As for any threat to us and our beloved Fido and Felix, “The risk of humans or their pets being harmed by wild coyotes is very, very slim,” Gardoqui assures. There has only been one reported human fatality caused by a coyote attack, in 1981. When it comes to our fluffy family members, awareness is key. “I’ve seen how pet owners have become a lot more responsible in the 27 years I’ve lived in Maine,” Vistein says. “But we need to remember, if you leave your little five-pound toy dog in the yard at night time…Well, to a coyote, that’s no dog, that’s dinner! The same goes with cats. We tend to let our feline pets roam in urban areas, but that’s a potential dinner for a coyote.” During pup season, dogs are as likely to threaten coyotes by interfering with their dens and stressing the mother and babies. “Keep your dog on a leash or in sight of you,” Vistein urges. As for those bird feeders you lovingly hang in hopes of the scarlet glimpse of a cardinal? “Take them down,” she says. “It goes against what we’ve been taught, but more seeds on the ground means more rodents. You’re inviting coyotes right into your yard.” Though our kinder nature may tempt us to leave out snacks for furry and feathered friends, “It’s not a natural part of the ecosystem.” The same goes for intentionally leaving out food for coyotes themselves. “Those species have survived the winter without us for millennia.”
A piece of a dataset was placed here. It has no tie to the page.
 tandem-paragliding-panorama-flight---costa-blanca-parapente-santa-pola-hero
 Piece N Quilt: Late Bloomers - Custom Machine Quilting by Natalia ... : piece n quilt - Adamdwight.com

When left to their own devices, coyotes control rodent populations–a boon in our litter-strewn urban areas. They’ll also deter felines, allowing bird populations to flourish. And while these adaptable and fiercely intelligent creatures have learned to live among humans, we’re still learning how to coexist with them. “They don’t want to interact with humans in the vast majority of instances,” says Dan Gardoqui, “mostly because when wild animals and humans tangle, it usually doesn’t end up well for the animal.”